The full listing, minus its pictures, should be printed again exactly as it stands.

*** DATA ***

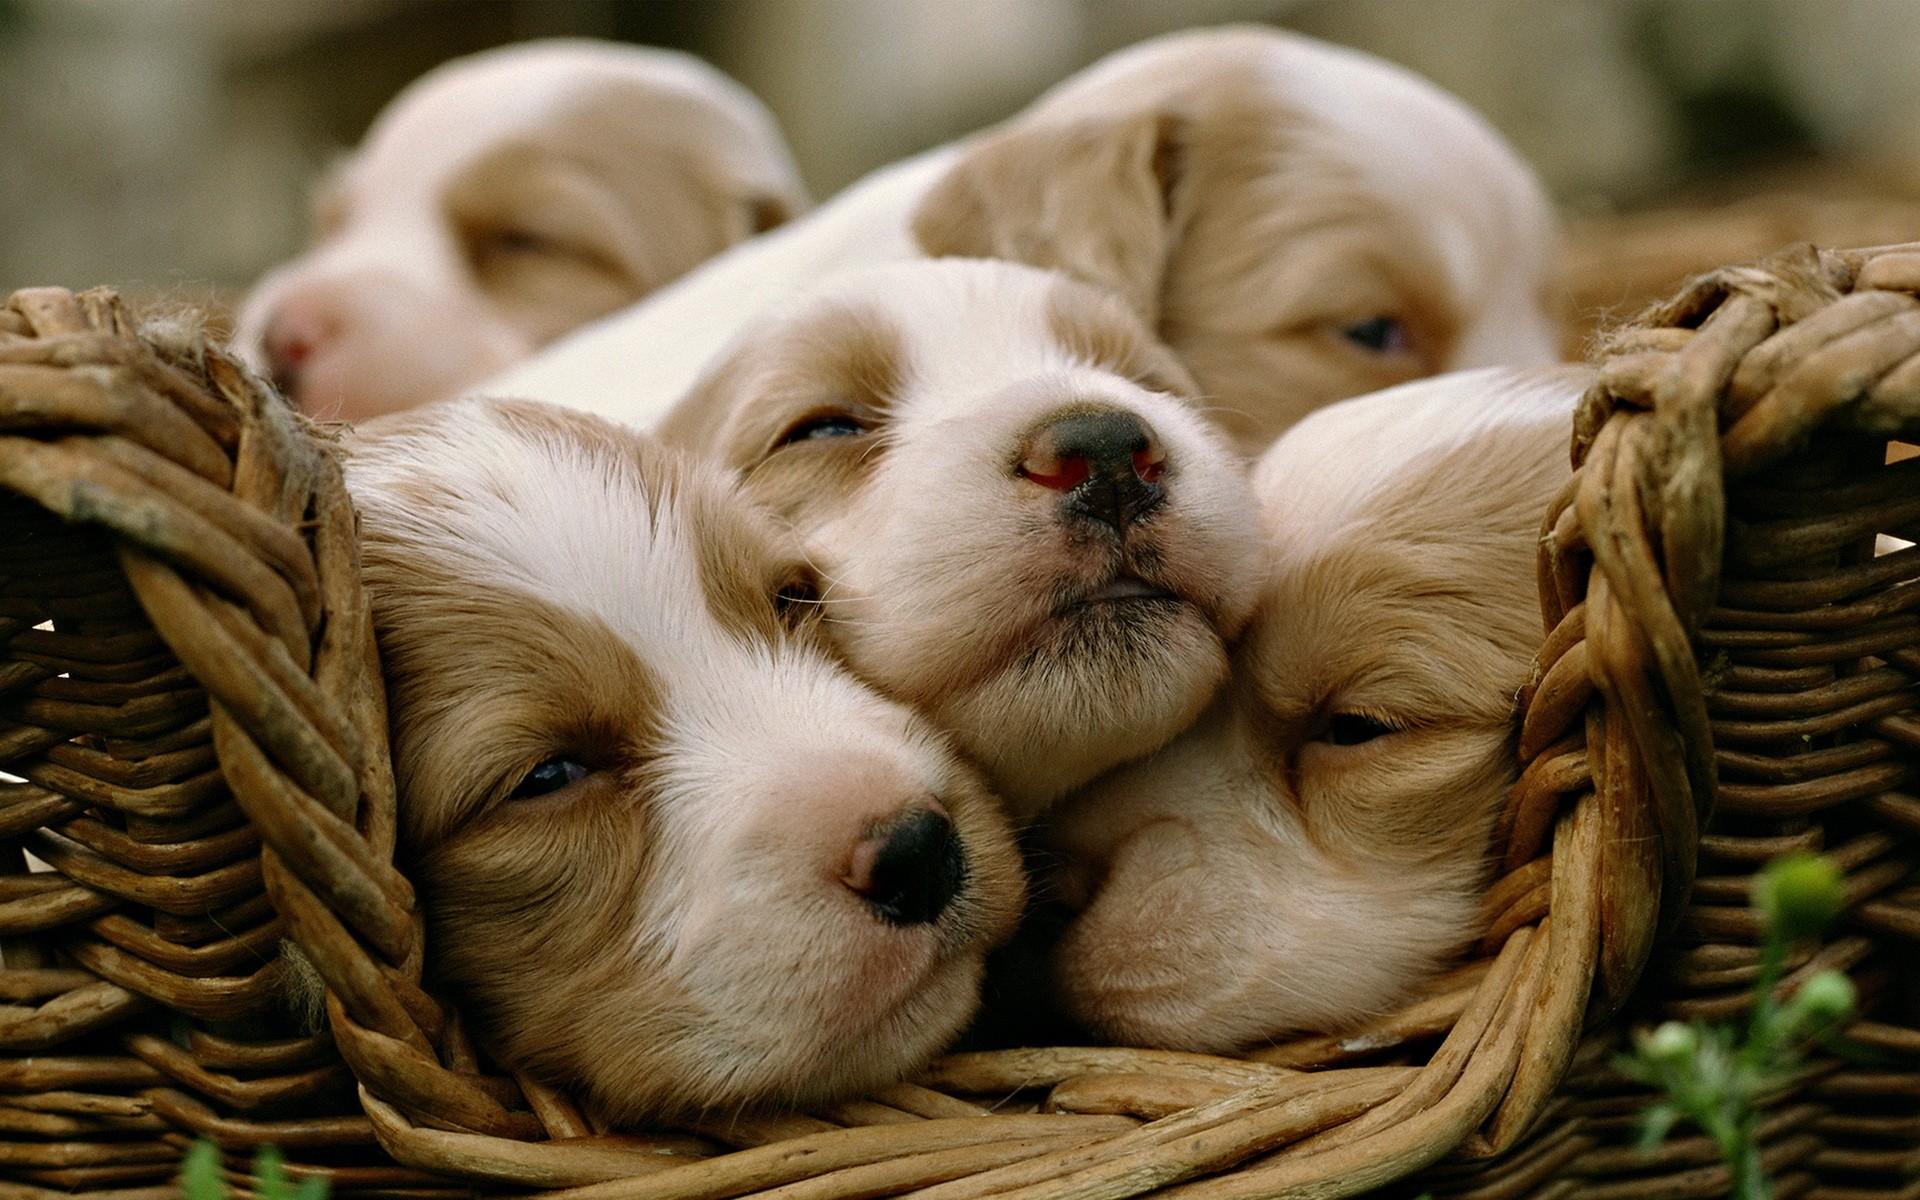 Dogs Wallpaper 1920x1200 36590
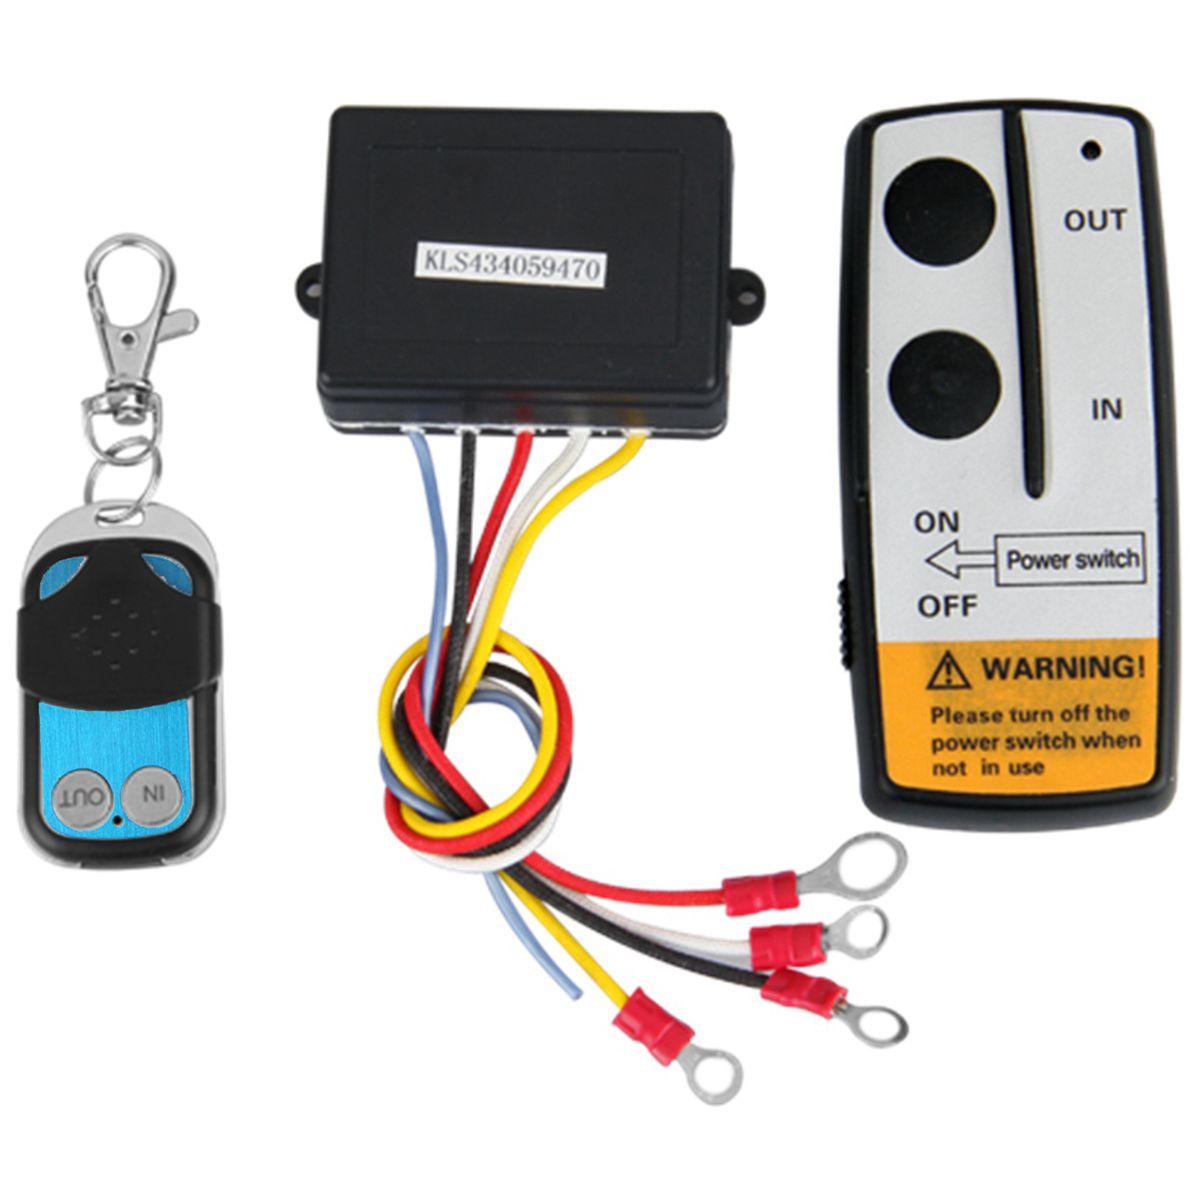 12V 12Volt 50ft Winch Wireless Remote Control Set for Truck Jeep ATV Warn Ramsey|Remote Controls| |  - title=
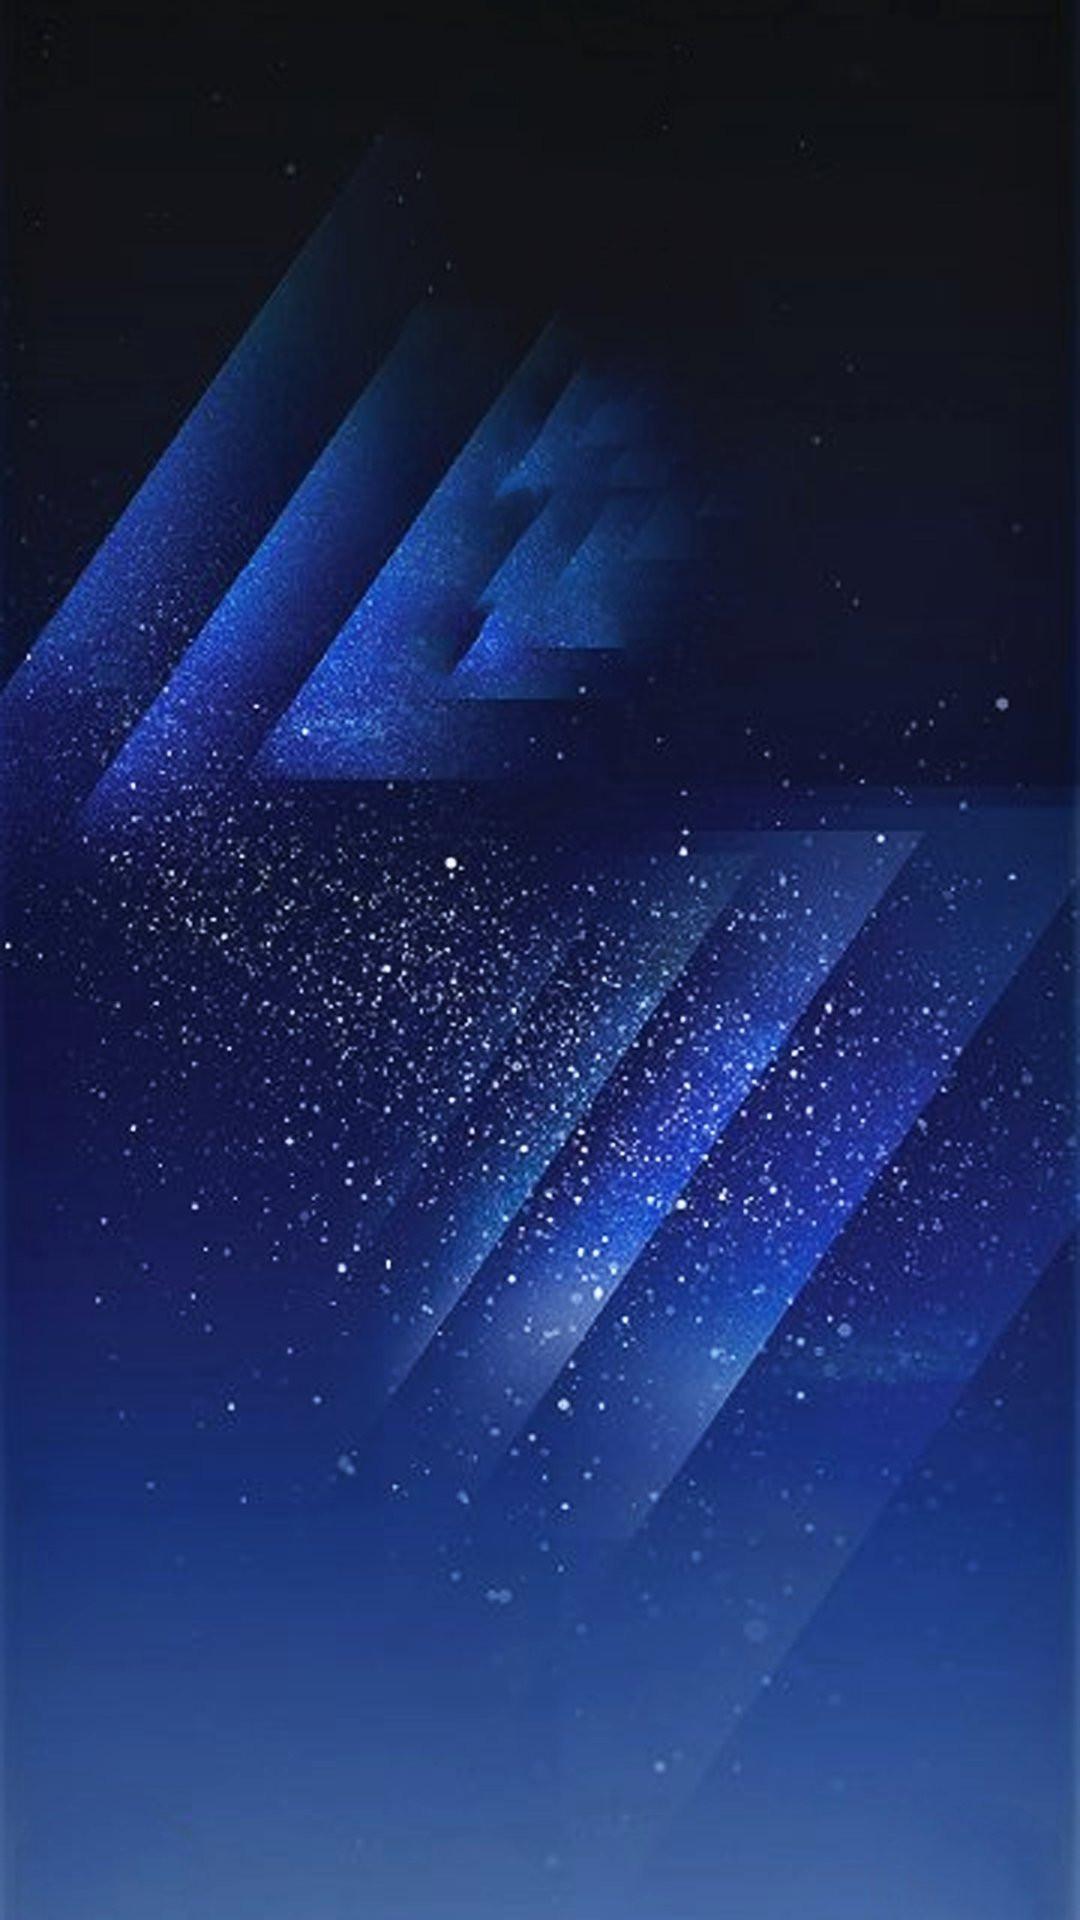 1489750258_galaxys8lockscreen.jpg

***

→ **OUTPUT OF THE EXERCISE**
 Dogs Wallpaper 1920x1200 36590
 12V 12Volt 50ft Winch Wireless Remote Control Set for Truck Jeep ATV Warn Ramsey|Remote Controls| |  - title=
 1489750258_galaxys8lockscreen.jpg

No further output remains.